# No love



## mvigo (Mar 27, 2013)

Why there's no love for LG 4k televisions? Are they not as good other 4k tv brands as Samsung and other brands?


----------



## asere (Dec 7, 2011)

mvigo said:


> Why there's no love for LG 4k televisions? Are they not as good other 4k tv brands as Samsung and other brands?

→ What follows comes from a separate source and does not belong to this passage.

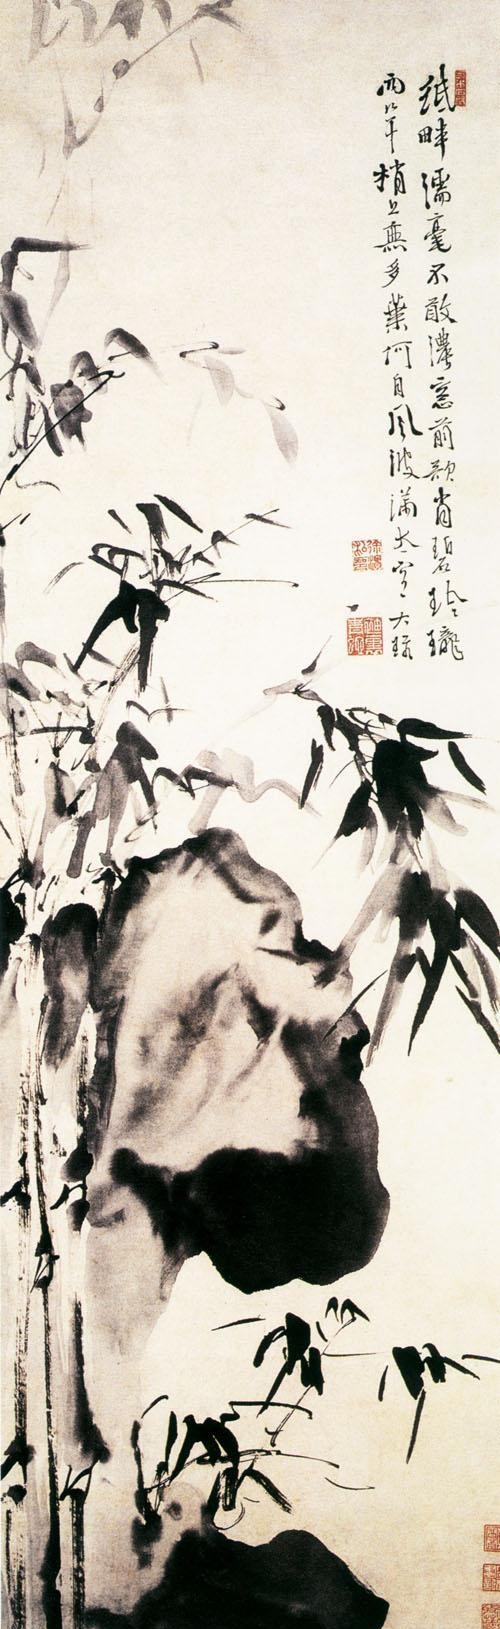 中国泼墨大写意花鸟画的创始人——徐渭，国画大师们的偶像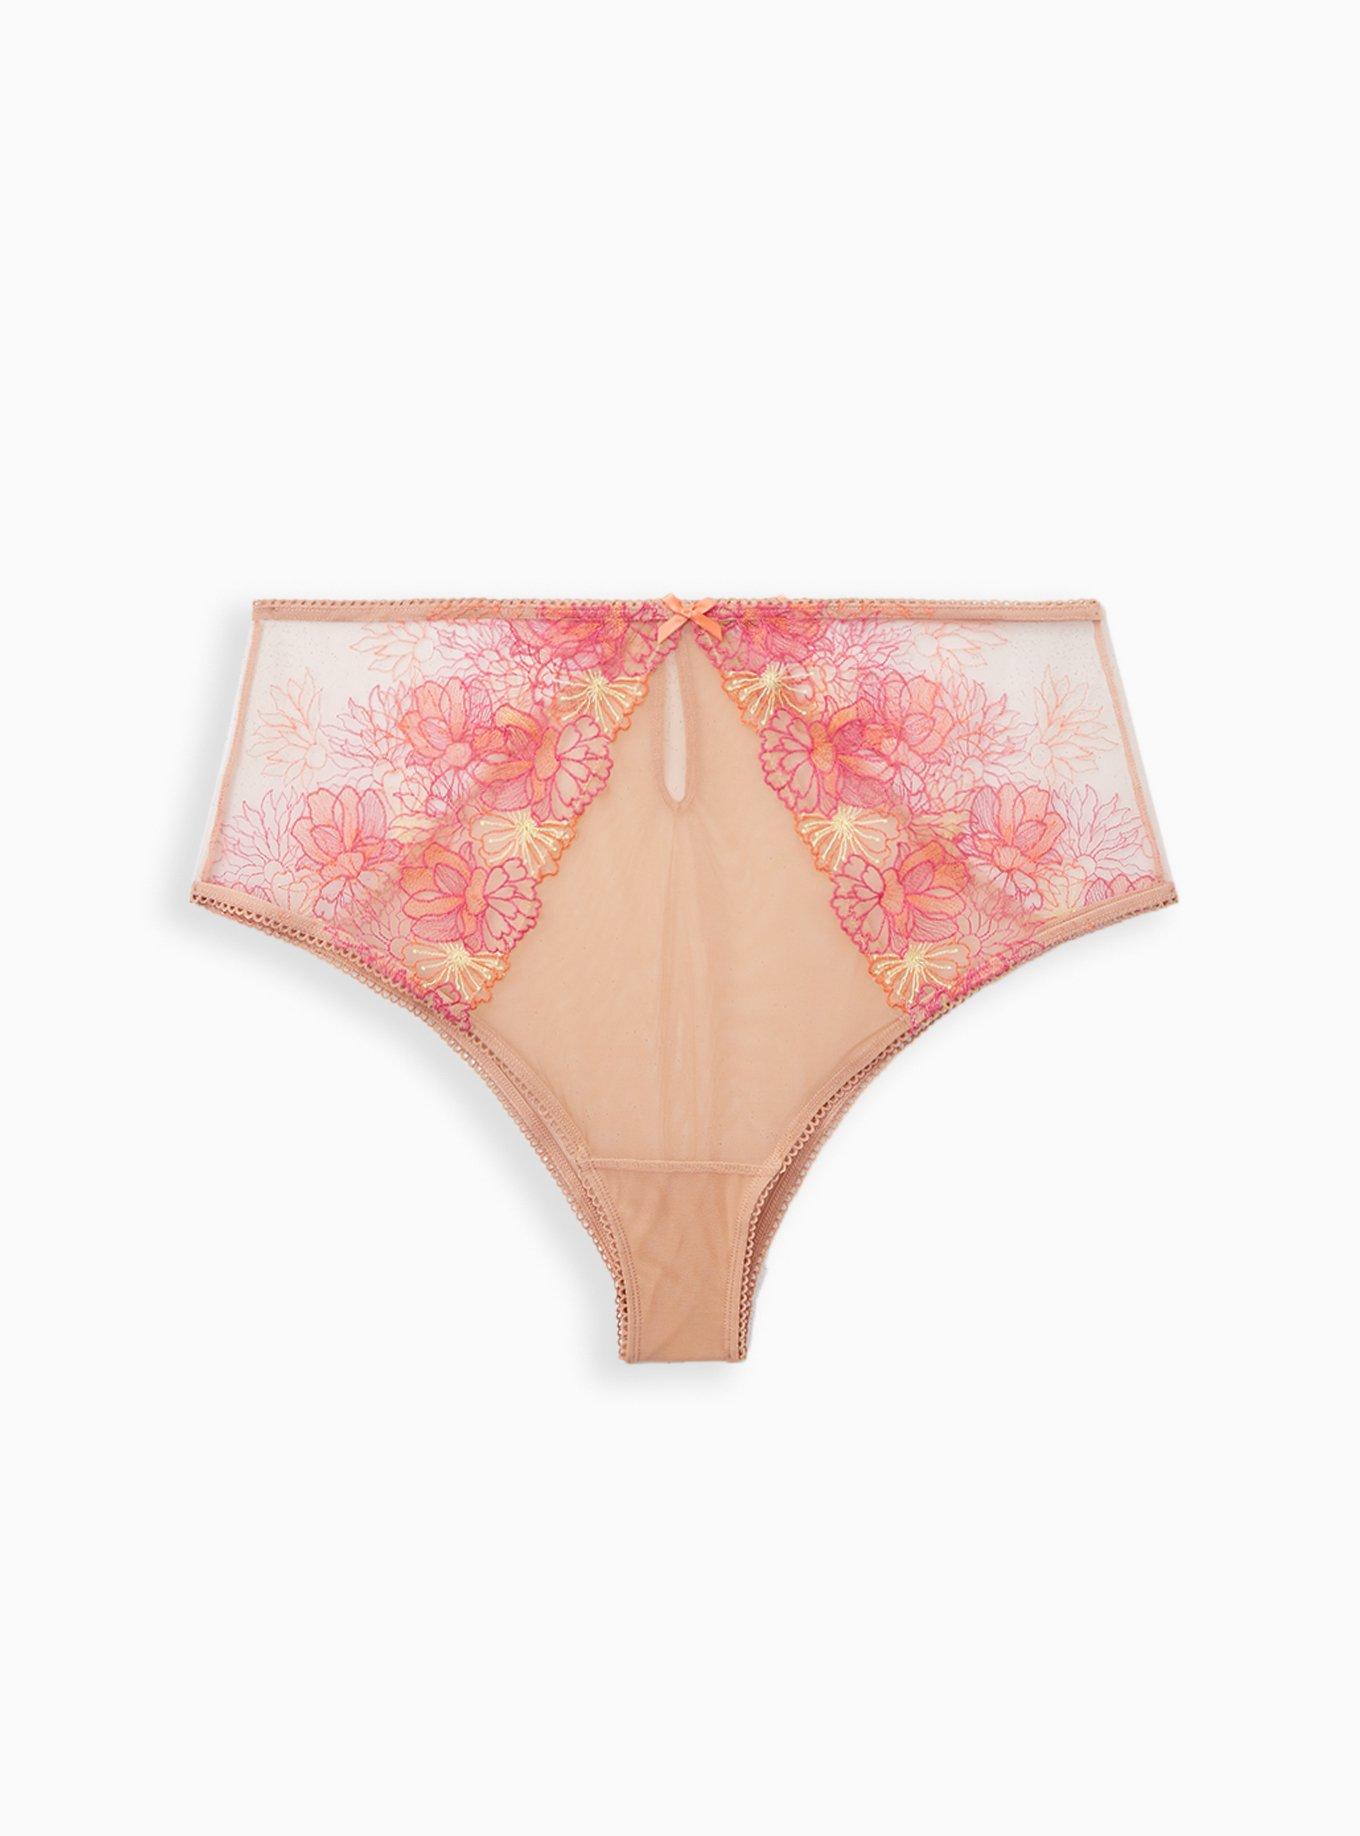 Torrid Hipster Panties Black Floral 💛 Pink Lace Ladies Plus Underwear NWT  2 2x

 I don't know but I know Pioneer, Panasonic and Samsung dominated the market and maybe still do with the exception that Pioneer no longer makes them. 
Now LG came out with OLED tv's which is suppose to have darker blacks than the plasmas. Panasonic is now doing OLED too.


----------



## mvigo (Mar 27, 2013)

I'm thinking about buying a LG 4k television. I just don't see any threads on LG 4k, wondering if is a bad investment to buy one. Can't afford the Oled model lol


----------



## NBPk402 (Feb 21, 2012)

I purchased a LG 65" 4K tv from Costco, and the picture was Awesome! The air mouse was terrible in my opinion, and the TV died in the first 30 days of its life (half the screen one day went to a green screen door, and then went to a full green screen door look). I took it back and got the 65" Samsung which so far is working great, but I think the picture was actually better on the LG. The Samsung remote is much more intuitive too.


----------